The problem

“Please tell me what the header is, I don’t know what the namespace for multiple schemas should be.”  It seemed like a reasonable question, but I never got the answer.  The same fate struck my other seemingly simple request: “Can you please give us a sample of a completed, valid, xml file so we can at least see what it should look like?”

Compliance should never be this difficult.

Multinationals filing their Country by Country files by 31 December are in for a rough ride.  We thought that collecting the data would be the major obstacle; we thought that we had to deliver two or three Excel spreadsheets, because that is what it looked like in Annex III of the OECD BEPS Action 13 plan.  Boy were we wrong.

The OECD published BEPS Action 13 and various Action 13 guidelines.  As tax professionals we can read those and understand most of it.  But then there is the guideline called “Country-by-Country Reporting XML Schema, User Guide for Tax Administrations” (my underlining – and here after referred to as “the User Guide”).  Very, very few tax professionals can read this.  Which is not surprising, as it is written for IT people, working for governments.  It is a guideline for explaining how an XML schema (called an xsd file) should be read and how a data file, called an xml file, should be validated against the xsd files (there are 3 in the CbCR XML Schema).

The main OECD XML schema contains about 14 pages of rules: get one wrong and your whole xml file will be rejected.  However, readers hoping to find guidance in the User Guide on how to convert their Excel files into a valid xml file will be sorely disappointed; it does not say a word about Excel.  Remember, this is a “User Guide for Tax Administrations”.

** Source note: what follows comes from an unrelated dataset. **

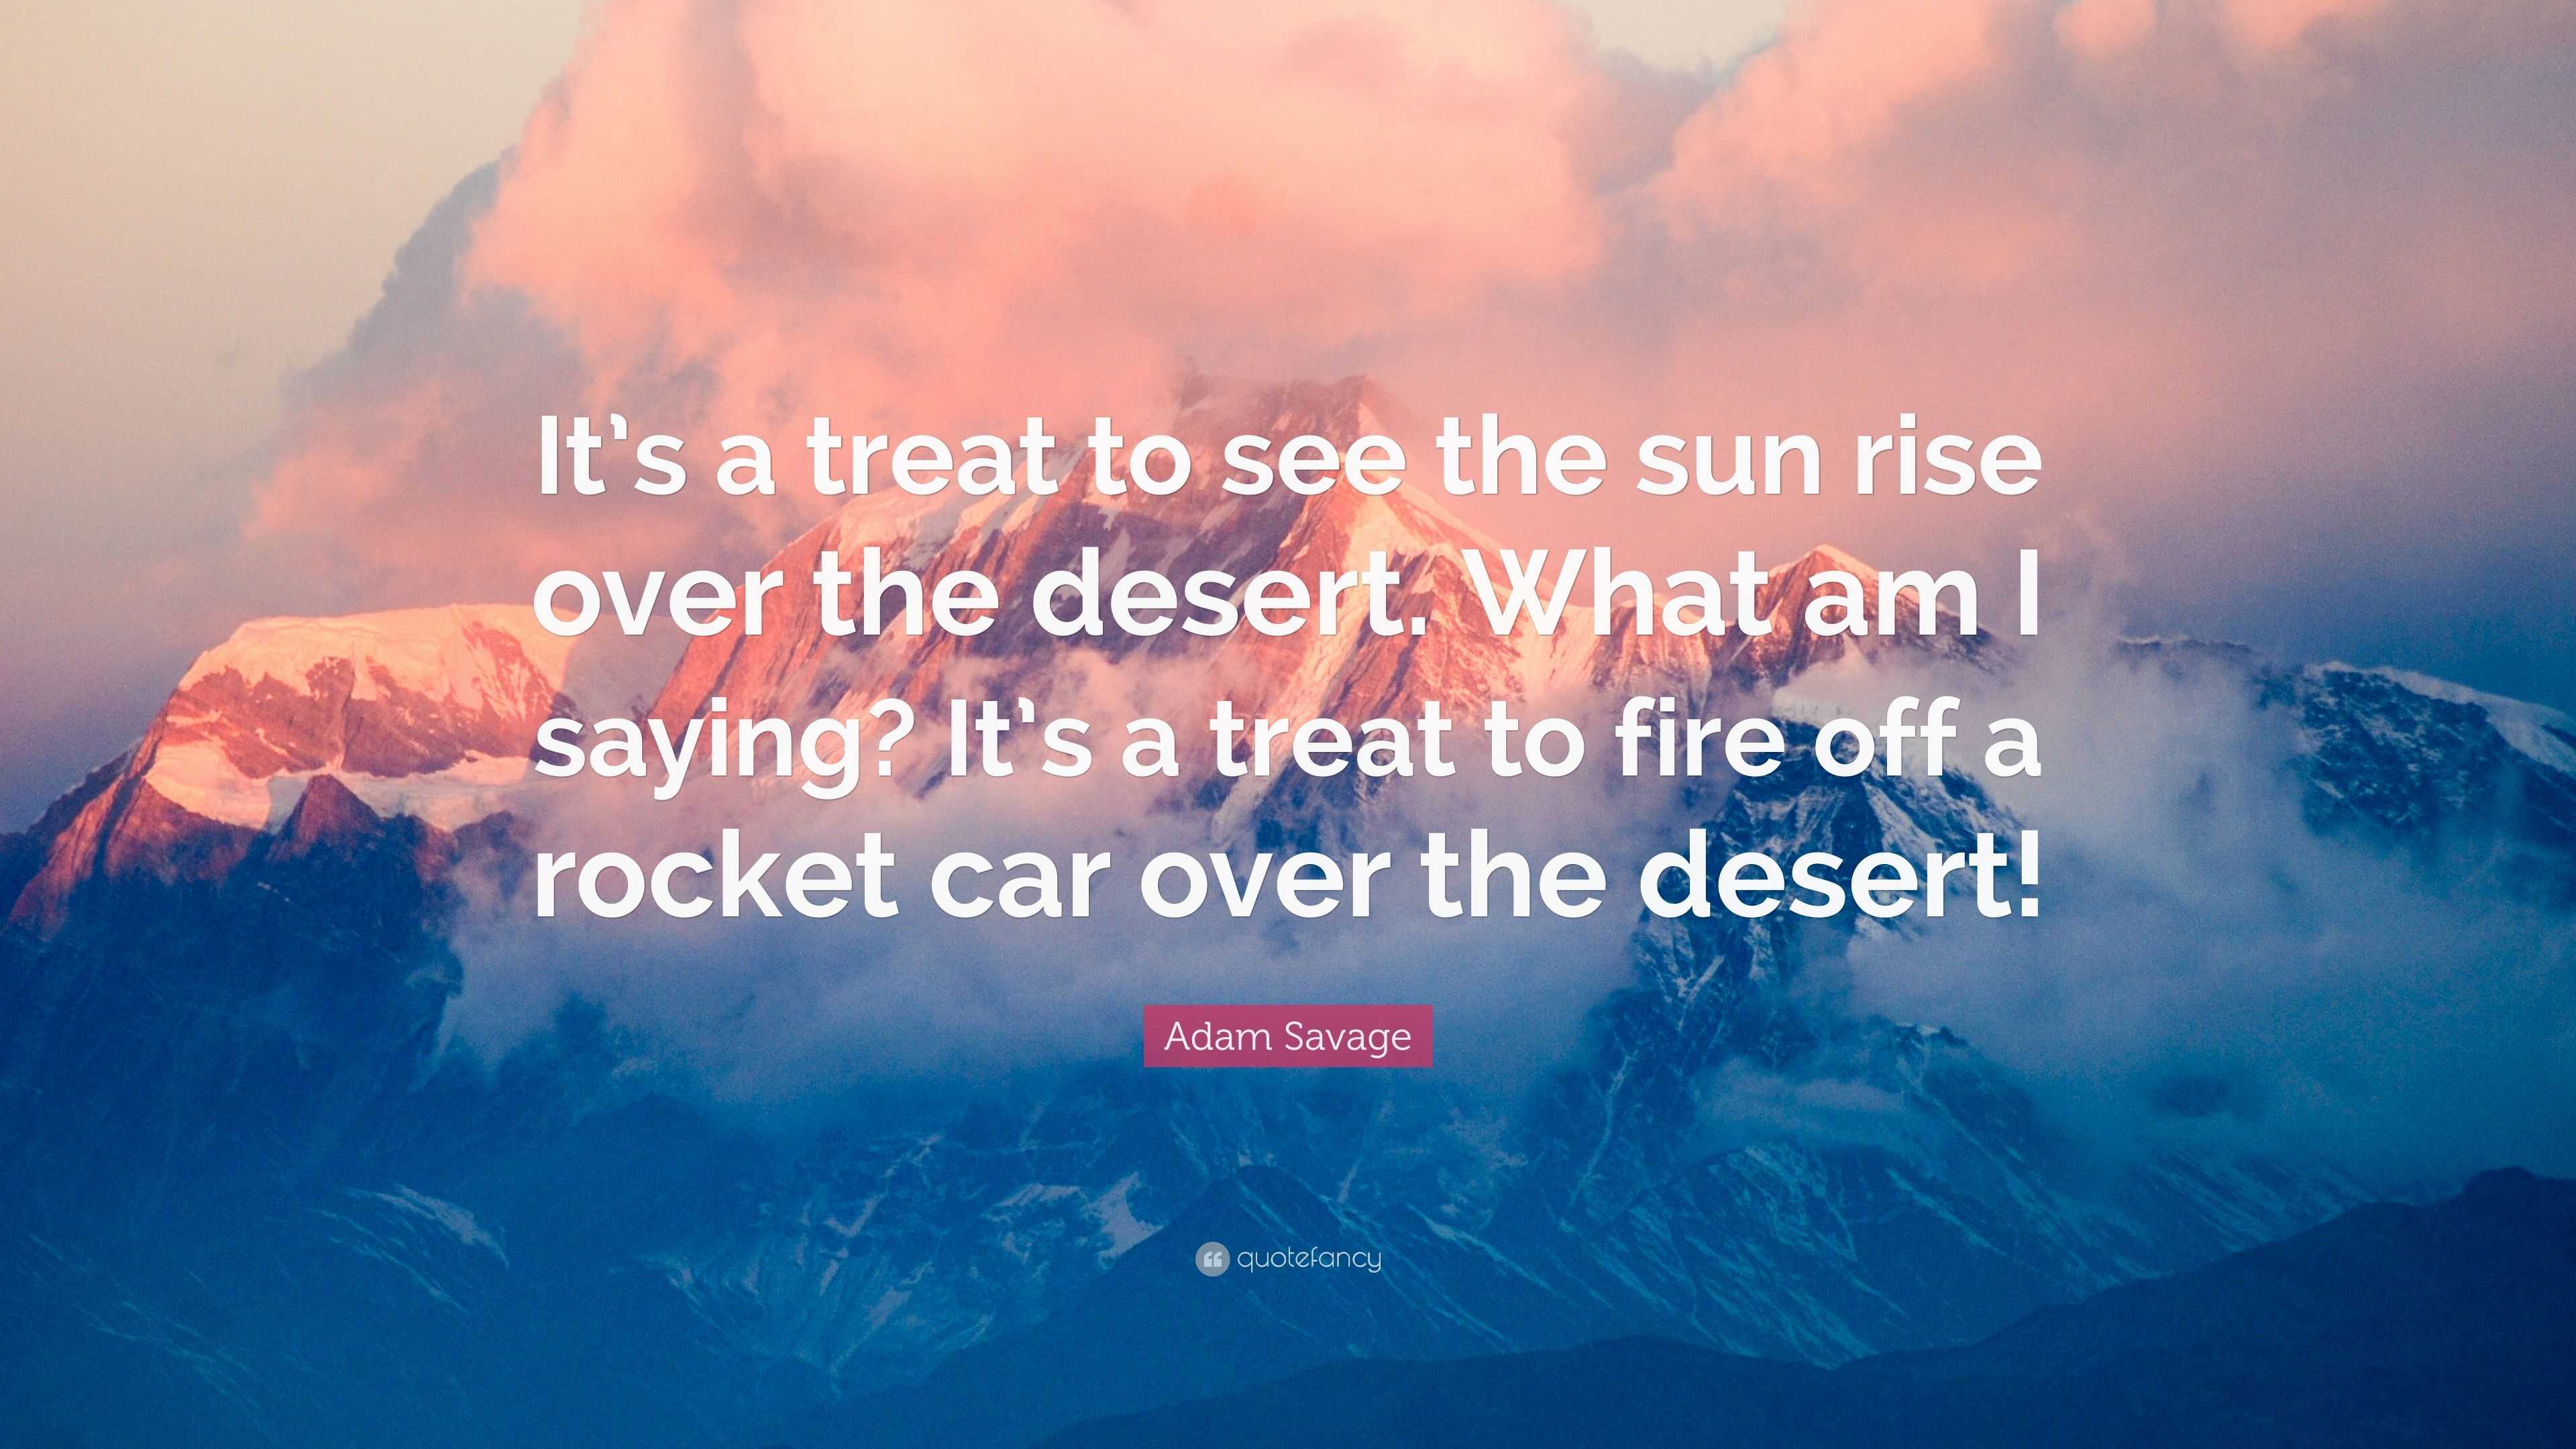 https://quotefancy.com/media/wallpaper/3840x2160/3379386-Adam-Savage-Quote-It-s-a-treat-to-see-the-sun-rise-over-the-desert.jpg

Excel itself does have a built-in function for exporting data into xml.  It even has a function for doing so into a simple XML Schema.  But the OECD XML Schema is not simple.  Any attempt and Excel simply tells you that it cannot do “lists of lists”.  “Lists of lists” is computer speak for saying Excel can do 2 dimensions (rows and columns) only, not more.  The more computer savvy tax professionals will then realise that Microsoft Access should be able to do this, because that is exactly what databases are: lists of lists.  However, the OECD XML Schema simply crashes the 2010 and 2016 versions of Access I tried; they are too complicated.

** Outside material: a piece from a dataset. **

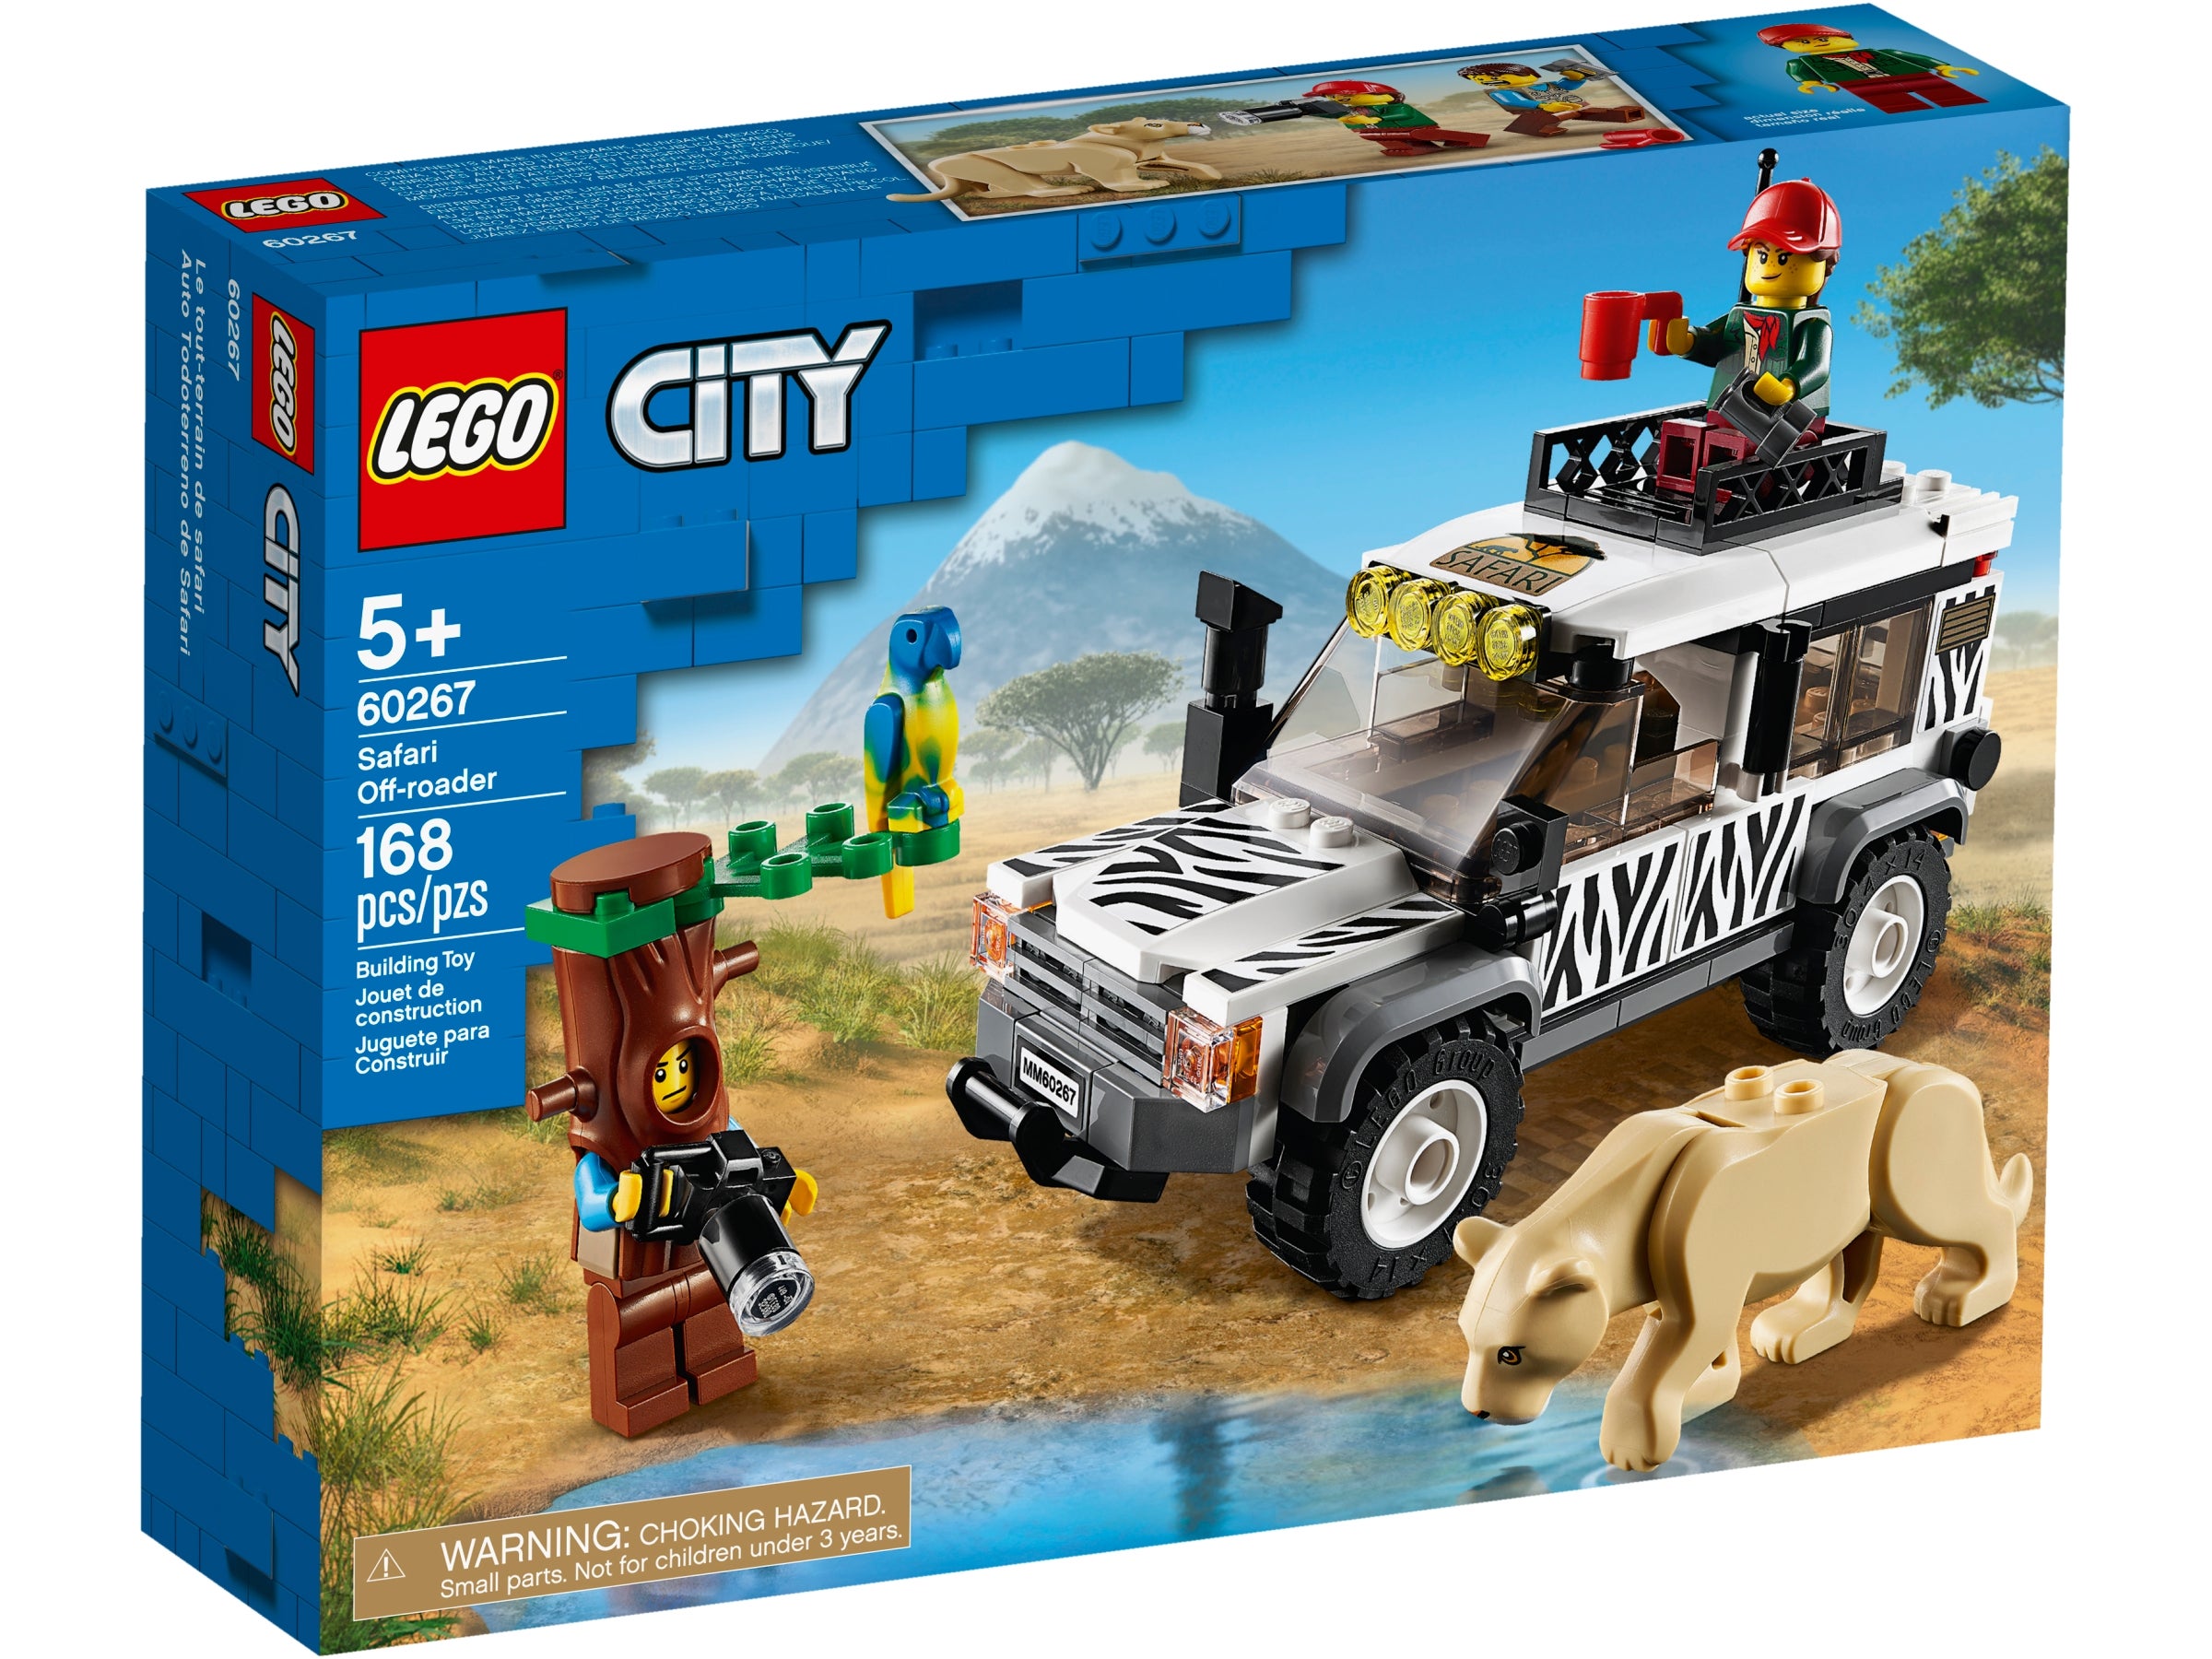 60267 for sale online LEGO Safari Off-Roader City Great Vehicles

So, considering the above, have the tax administrations issued guidance, or helpful tools, or something?  Well, no.  It seems as though most tax administrations have basically dumped the task for figuring out the User Guide with their taxpayers.  (One exception that I am aware of is the Dutch government – kudos to them).

This basically leaves taxpayers in a consultants’ nirvana.  Several IT firms never heard of before and a few well-known tax consulting firms now offer to convert companies’ Excel files to XML, for a seemingly agreed average of Euro 2.500.  Typically that is for the conversion only – any additional actions such as uploading the files through a special portal cost extra.  It reminds me of the situation where public transport goes on strike and taxi prices magically jump 300% ….  It also leaves the same bitter after taste and the determination to find a better way.

The DYI solution

Companies can do this themselves, though it does take some effort.  It is basically a three step process.

First step: Get your Excel files into XML

XML looks like this

<Country>
<CountryCode>NL</CountryCode>
<Revenues>
<Internal Revenues> 100</Internal Revenues>
<External Revenues>150</External Revenues>
<Total Revenues>250</Total Revenues>
</Revenues>
</Country>

There are at least three ways to get your Excel file into that format.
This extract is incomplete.